* **Raw data**
::::::::

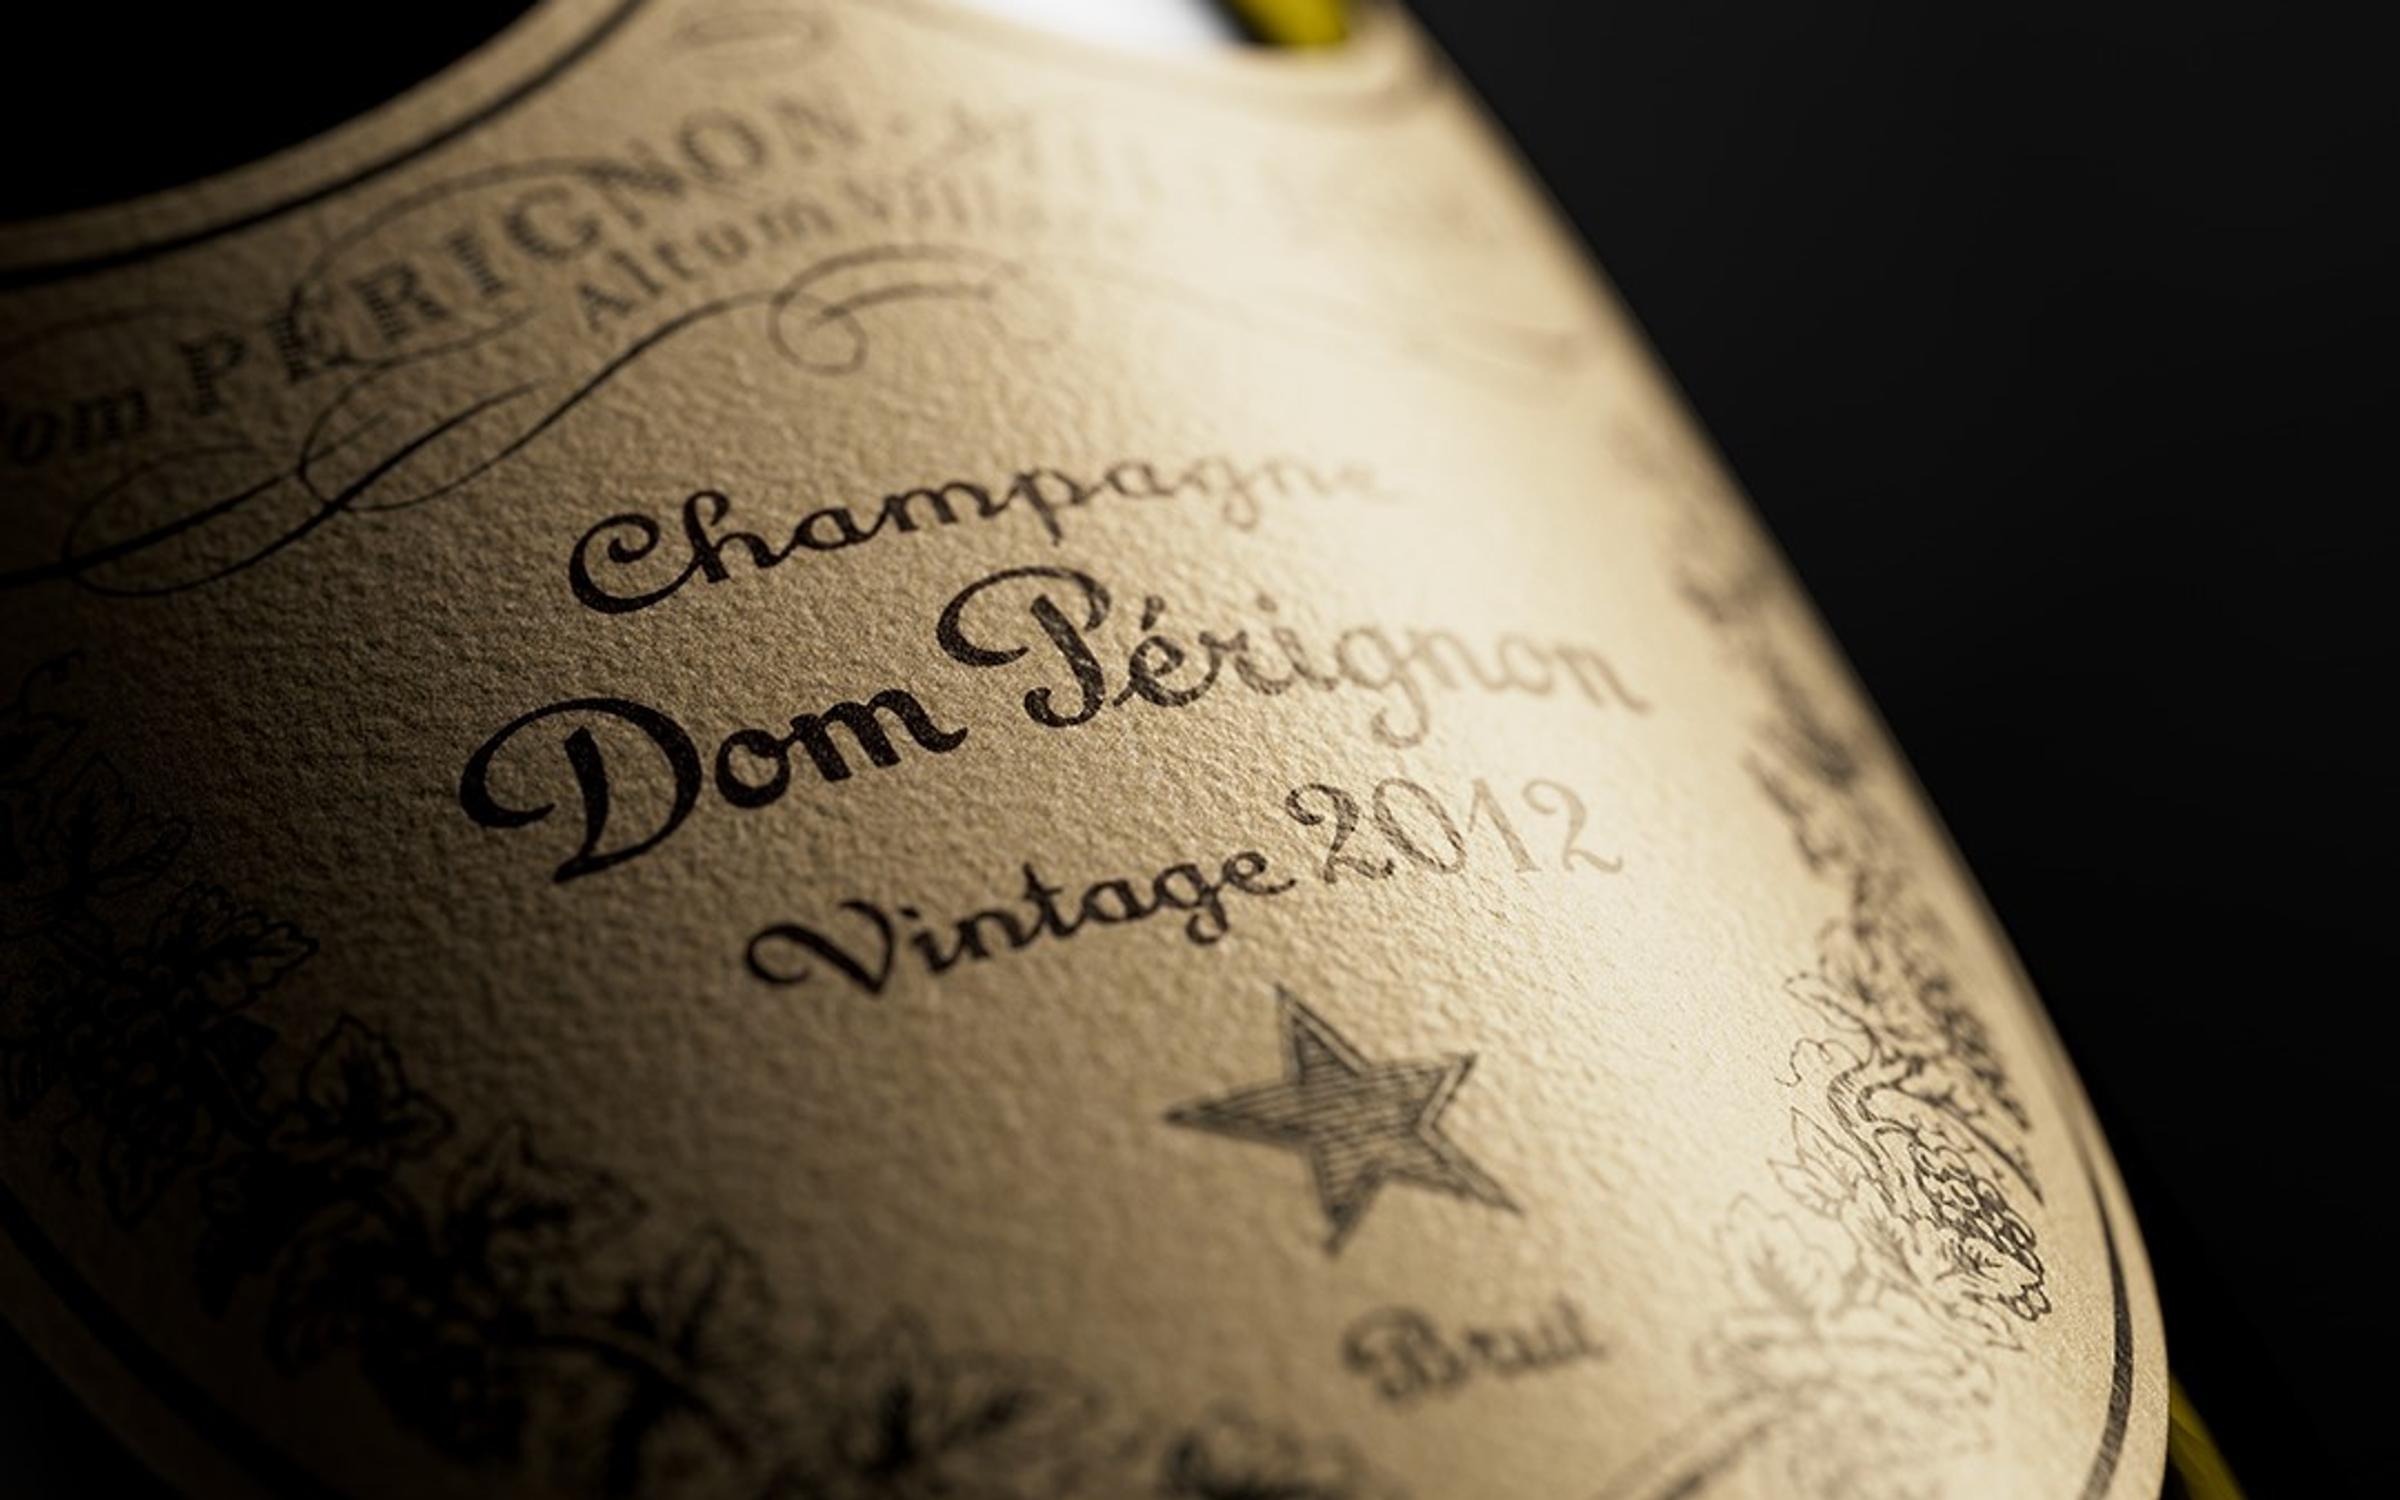 Dom Pérignon is vintage only
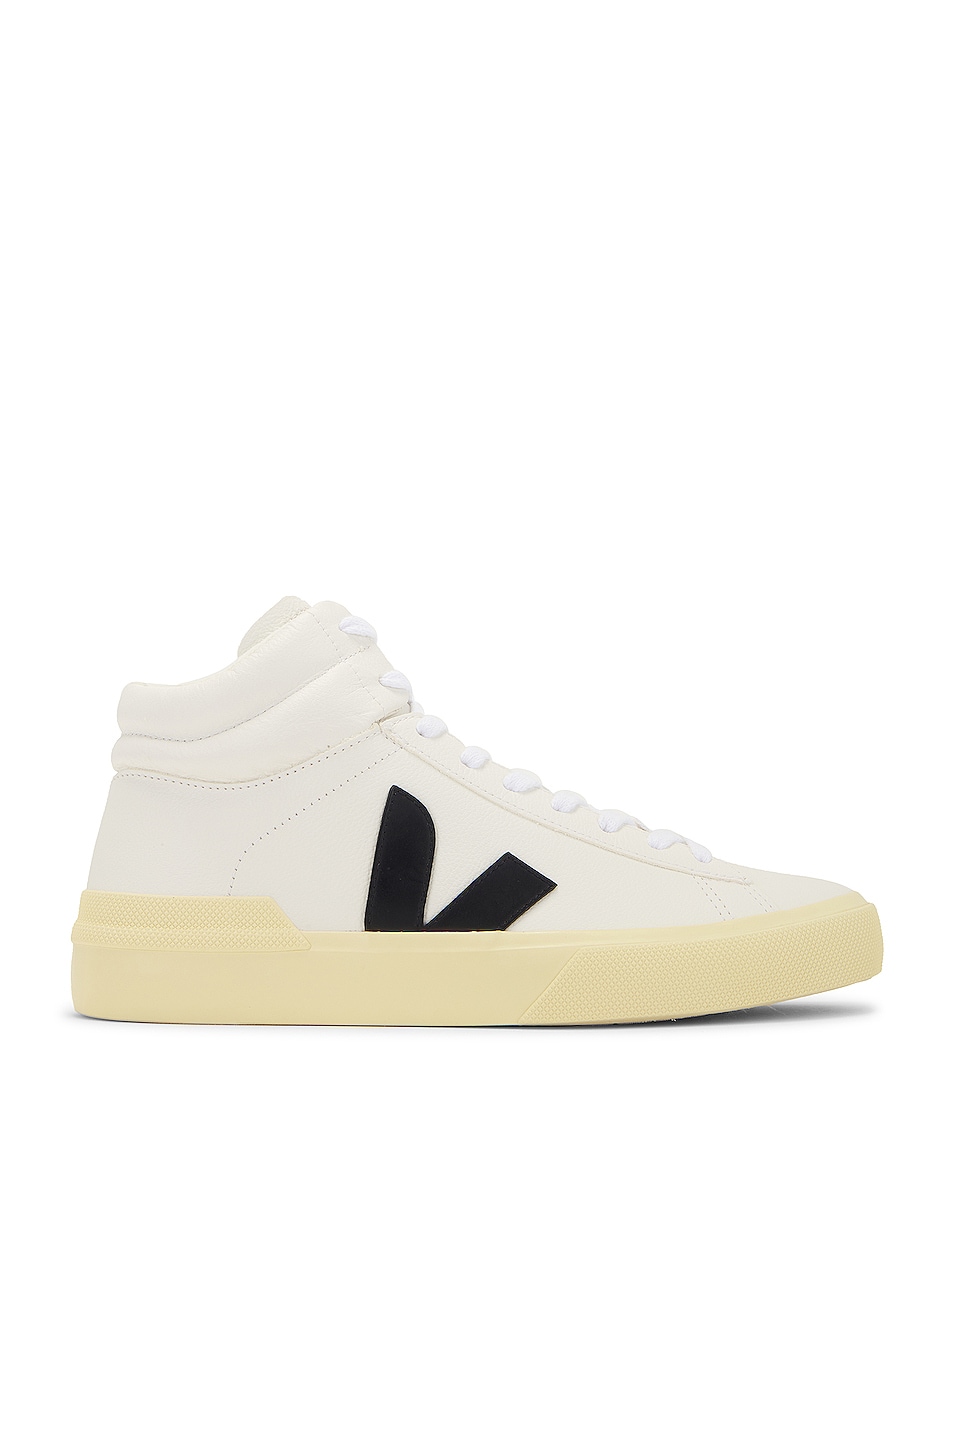 Image 1 of Veja Minotaur Bastille Sneaker in Extra White & Black Butter
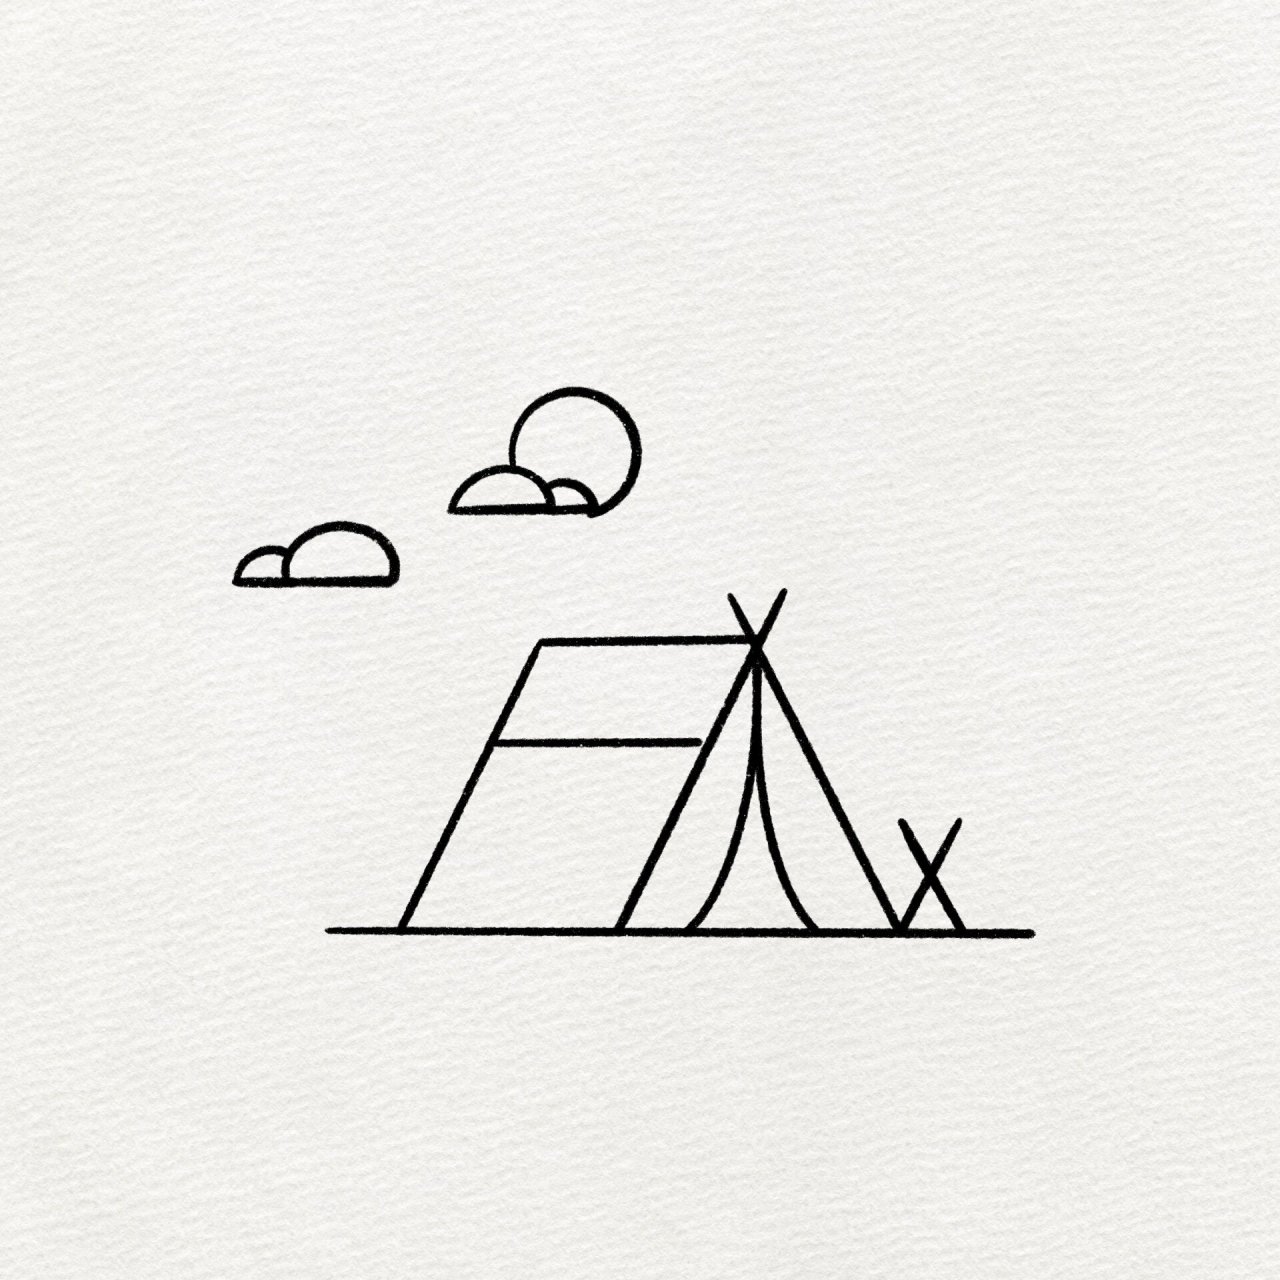 第九张简笔画露营小帐篷 太简单了吧,新手可以画的简笔画小帐篷

::::::::

* **Your goal**
Would you please set down the listing above exactly, minus its images?

* **Exercise answer**
 Dom Pérignon is vintage only
 Image 1 of Veja Minotaur Bastille Sneaker in Extra White & Black Butter
 第九张简笔画露营小帐篷 太简单了吧,新手可以画的简笔画小帐篷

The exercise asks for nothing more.